SmartCompany has contacted shadow small business minister Senator Katy Gallagher for comment on what the policy means for those SMEs that do use trust structures, but she was unable to provide further comment prior to publication.

Is the “company treatment” the best option?

There has been a push from several sectors to revise the way distributions from trust structures are taxed, with a recent report from The Australia Institute highlighting the number of trusts in Australia has increased from around 330,000 in 1996-1997 to 642,000 in 2014-15.

In that report, taxation expert at the University of New South Wales Dale Boccabella estimated the tax revenue loss through trust structures amounts to $2 billion annually.

However, when it comes to the correct model for recouping lost revenue through trusts, there are dissenting voices.

As Boccabella told SmartCompany last week, he believes there is still a risk that those deliberately trying to rort the system will still be able to do so if trusts are treated like companies, because Australia’s tax imputation system could see some individuals on low marginal tax rates receiving tax credits when they are paid money through trusts.

He believes a completely different approach, in which an individual’s taxable income is more more closely linked to assets they control within trusts, would be a better option.

Tax experts, including BDO tax partner Mark Molesworth, say the plan could also be a disincentive to running a small business, when some business owners see they could be paying more tax through a trust they are using for legitimate purposes than individuals on higher incomes.

Molesworth uses the example of a couple who are both nurses and would pay $31,400 tax on a combined $140,000 income, while a husband and wife team who run a small plumbing business through a trust would end up paying $42,000 in tax if their income came through the trust.

“Some of the concerns expressed about the use of trusts — that they can be used to achieve lower effective tax rates than are available to salaried employees — are a function of the system incentivising entrepreneurial activity and enterprise,” Molesworth tells SmartCompany.

As to where small business operators will go if Labor’s tax plan eventuates, Molesworth says it’s unclear if they would move to instead use other business structures, like partnerships.

“Whether this tax disincentive outweighs the benefits of the discretionary trust structure will be an interesting case study for the future,” he says.

“Our greatest concern at present is whether the change will also dis-incentivise entrepreneurial activity.”

Small businesses want to catch rorters too: COSBOA

Asked whether any changes could force small business owners to abandon trusts and take other steps like incorporating their businesses, Council of Small Business Australia chief executive Peter Strong says it’s too early to know what SMEs would do.
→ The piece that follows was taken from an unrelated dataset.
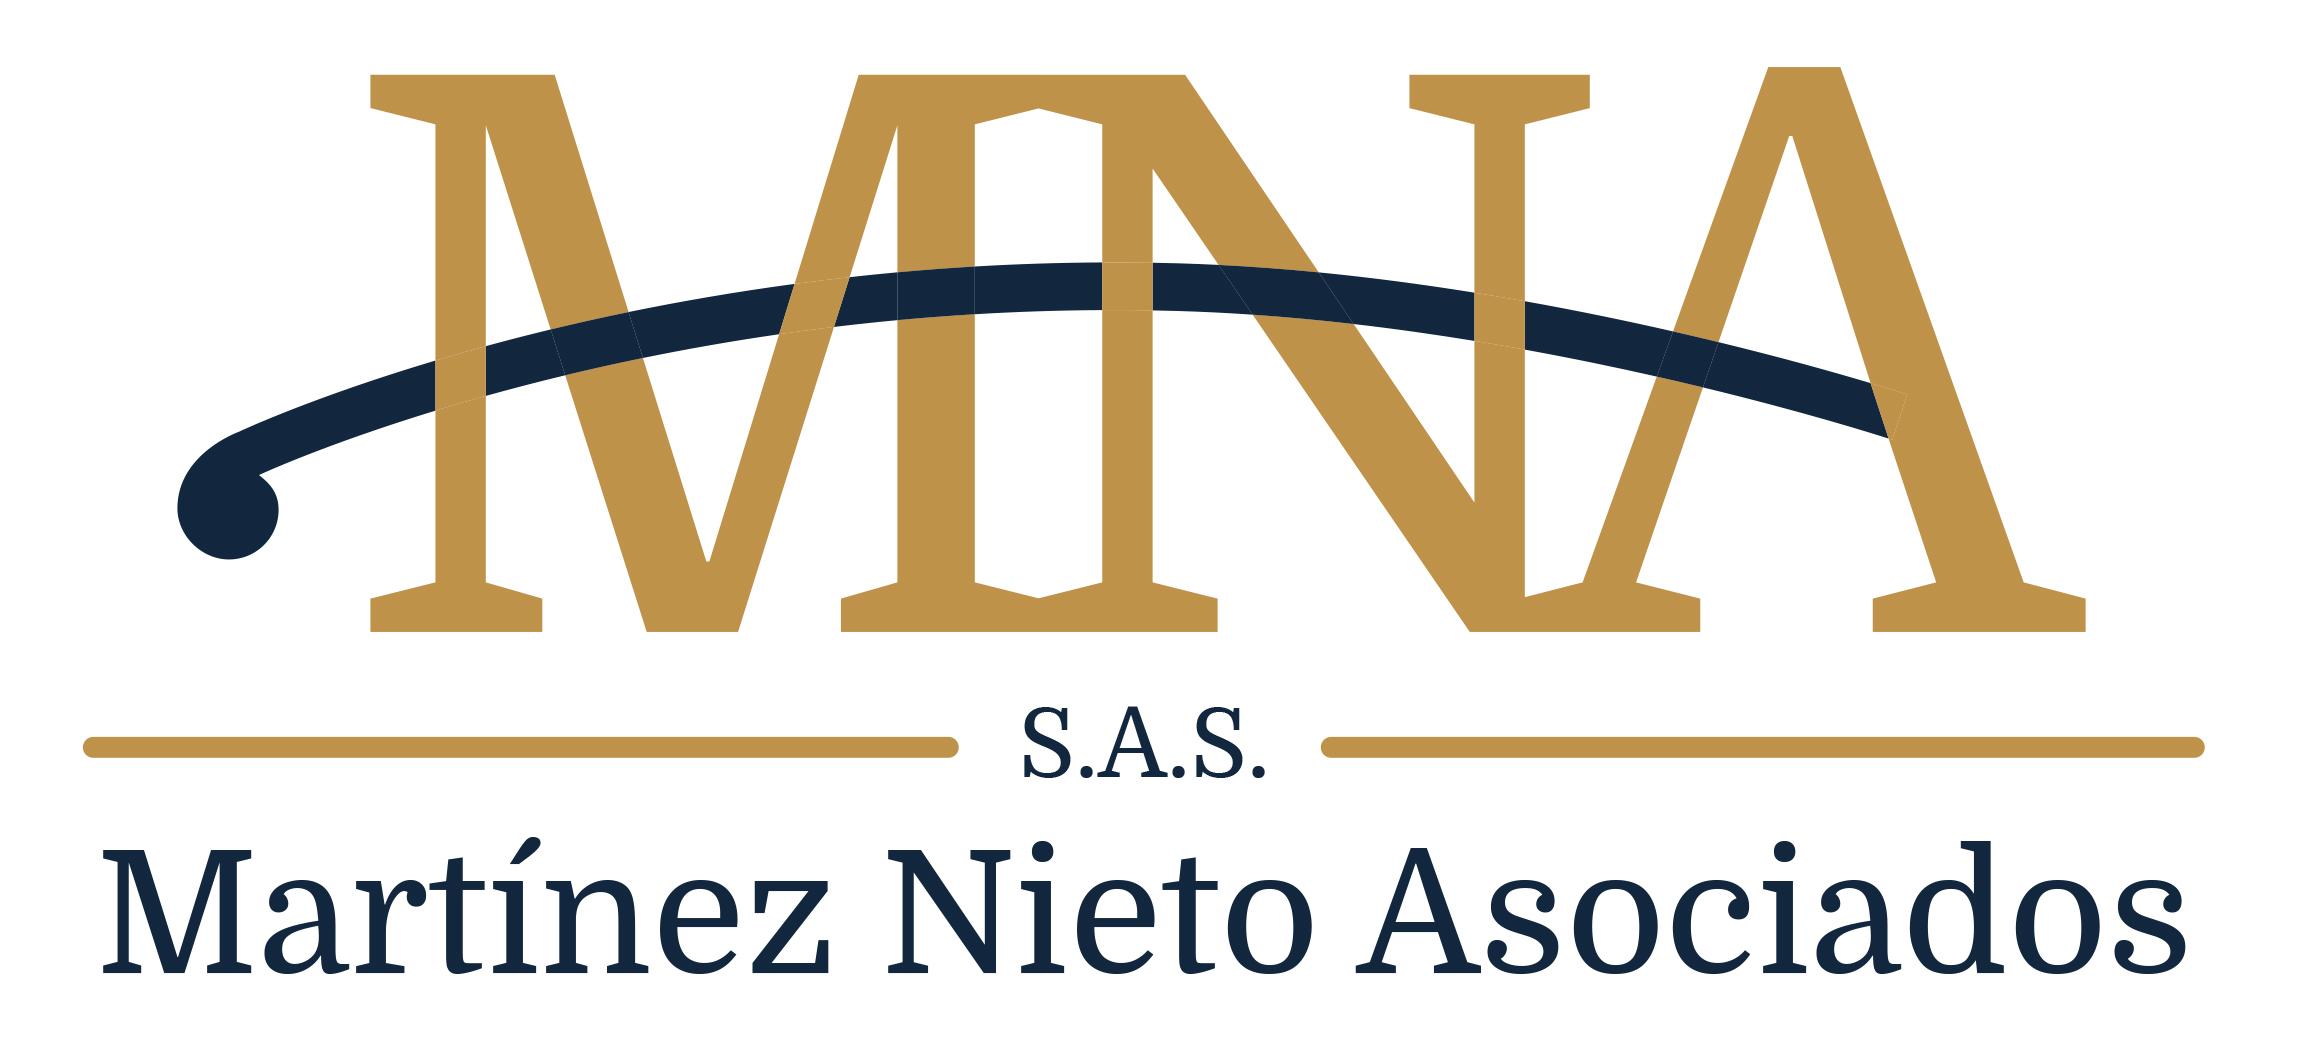 Martinez Nieto Asociados

However, he says the SME community also wants to catch out those doing the wrong thing, and says the trouble with family trust structures is that every business owner’s situation is so different.

It’s populism — saying to everyone, ‘we have rich people, and we’re going to get them’. But we also agree that if someone is rorting the system, go get them,” Strong says. 

Strong is awaiting further details on the policy from Chris Bowen’s office, and remains skeptical that there is enough evidence to suggest there is a problem with the way SMEs are using trusts.

The Labor party has confirmed it will not be preventing small businesses from using trusts for the purposes of asset protection or succession planning, with Shorten saying yesterday the tax on distributions would be “about making sure trusts serve their true purpose”.